孫策と周瑜は連れ立ってある天幕に入る。その中にいた1人の女性は、孫策達に気付くと腰掛けていた椅子から立ち上がり、頭を垂れた。
「ご無沙汰しております、孫策様、周瑜殿」
「やめてよ、海霧。私と貴方の仲でしょ? 昔みたいに真名で呼んでくれていいわよ」
「しかし、孫策様はいまや江東一帯をお治めする身。私の様な書生とは身分が違います」
「海霧、雪蓮がいいと言っているのよ。警護の兵も遠ざけてあるし、気にする必要はないわ」
「それなら……。久し振り、雪蓮、冥琳」
わずかに迷う素振りを見せたものの、海霧と呼ばれた女性は促されるままに孫策達の真名を呼んだ。昔を懐かしむ様に薄く微笑むその表情に、2人の頬もかすかに緩む。

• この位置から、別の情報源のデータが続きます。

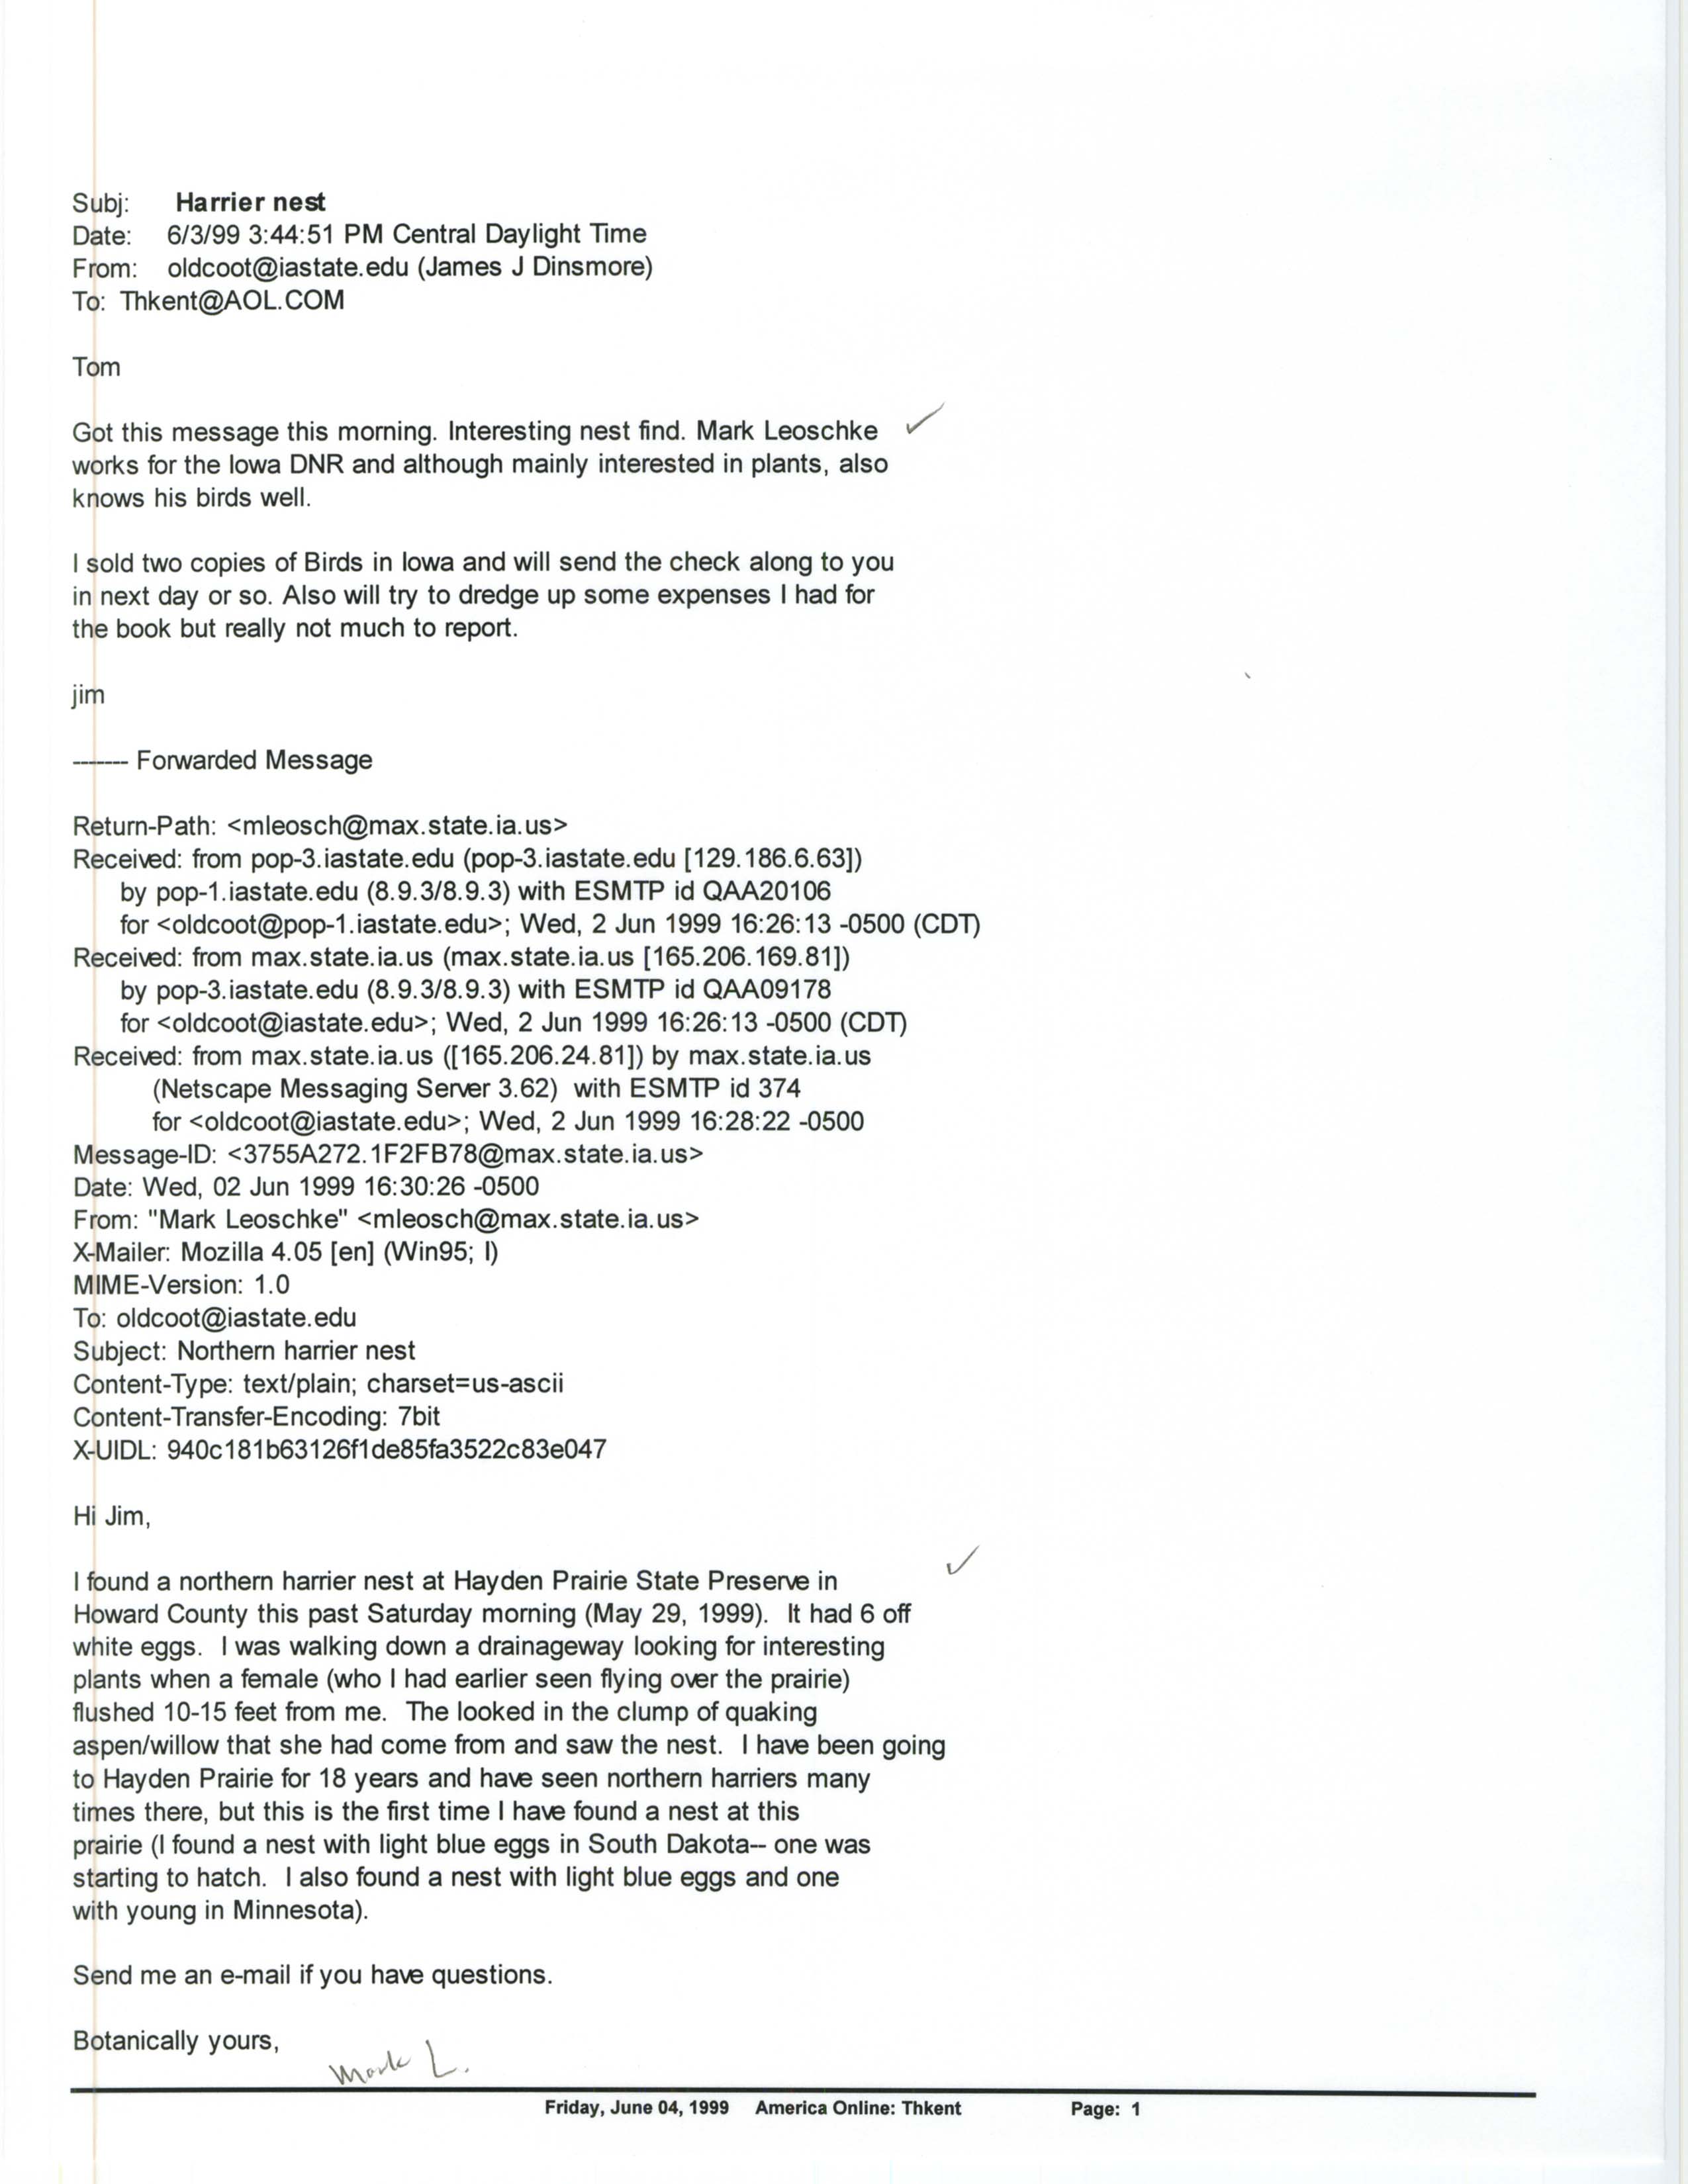 Jim Dinsmore email to Thomas Kent regarding Harrier nest, June 3, 1999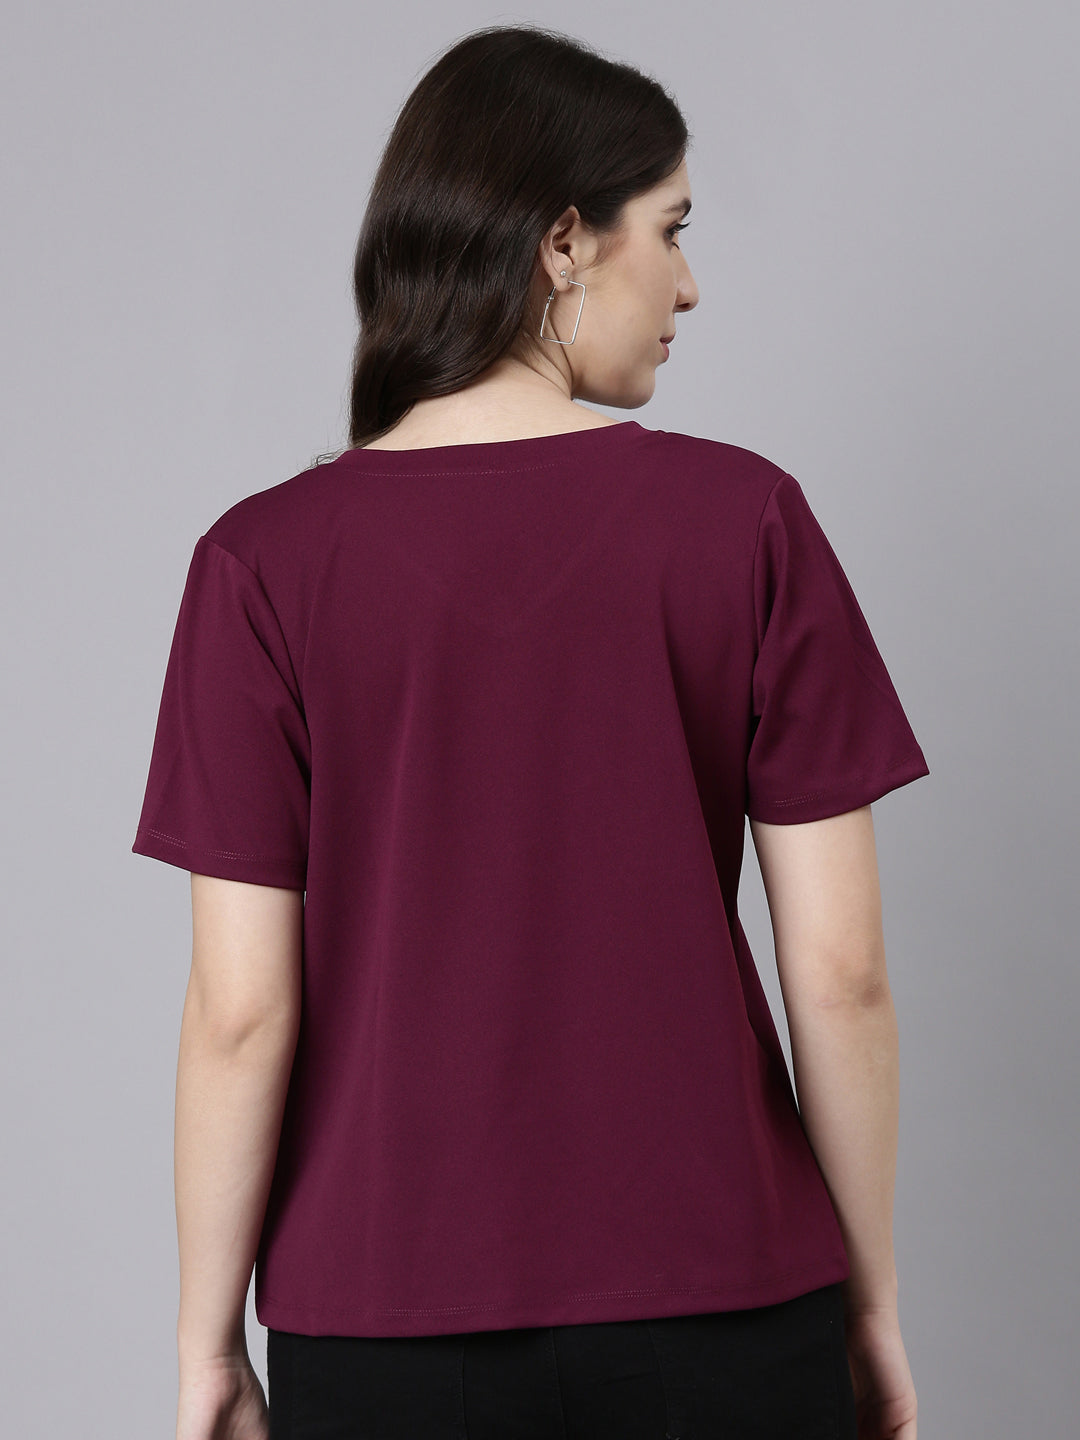 Buy t-shirt from  TheShaili V-Neck Half Sleeves Women's /Regular Fit Solid Plum  best price

この女性は名を蒋幹、字を子翼と言い、孫策と周瑜の幼馴染みである。肩の下辺りまで伸びる、緩く波打つ黒髪を持ち、背丈は孫策達よりもわずかに高い。しかし、細く引き締まった体つきの蒋幹には、2人の様な迫力のある胸はなかった。
「最後に会ったのは、まだ母様が生きている頃だったわね。それで、今までどうしてたの? どこかに仕官していたりとか」
「書生だと言ったじゃないか。諸国を遊学していたんだが、曹操と雌雄を決すると聞いて、私でも何か役に立てないかと思い、参じたのだ」
「それなら、まだどういった策をもって当たるかも決めかねている状況だけど、時期がきたら貴方にも働いてもらおうかしら。ねぇ、冥琳?」
孫策はにこやかな笑顔を蒋幹に見せると、隣に立つ周瑜へとそのままの顔で向き直った。
「ん、まあ、それは追々決めるとして……。とりあえず、貴方用に天幕を用意させるわ。久し振りに再会したのだし、少し話でもしましょう」
「そうね、それがいいわ」
周瑜の意見に賛同するや否や、孫策は天幕から顔を出し、人払いをしていたために離れた場所に立つ兵を呼びつけた。客人用の天幕を設営する様に命じると、顔を引っ込める。その直前、彼女の視界の端で1つの影が揺れた。
「ん……、ん~」
武陵城の一角で、女性の気だるそうな声が漏れた。その声の主である翠は寝台から上体を起こすと、ぼんやりとした頭のままで辺りを見回した。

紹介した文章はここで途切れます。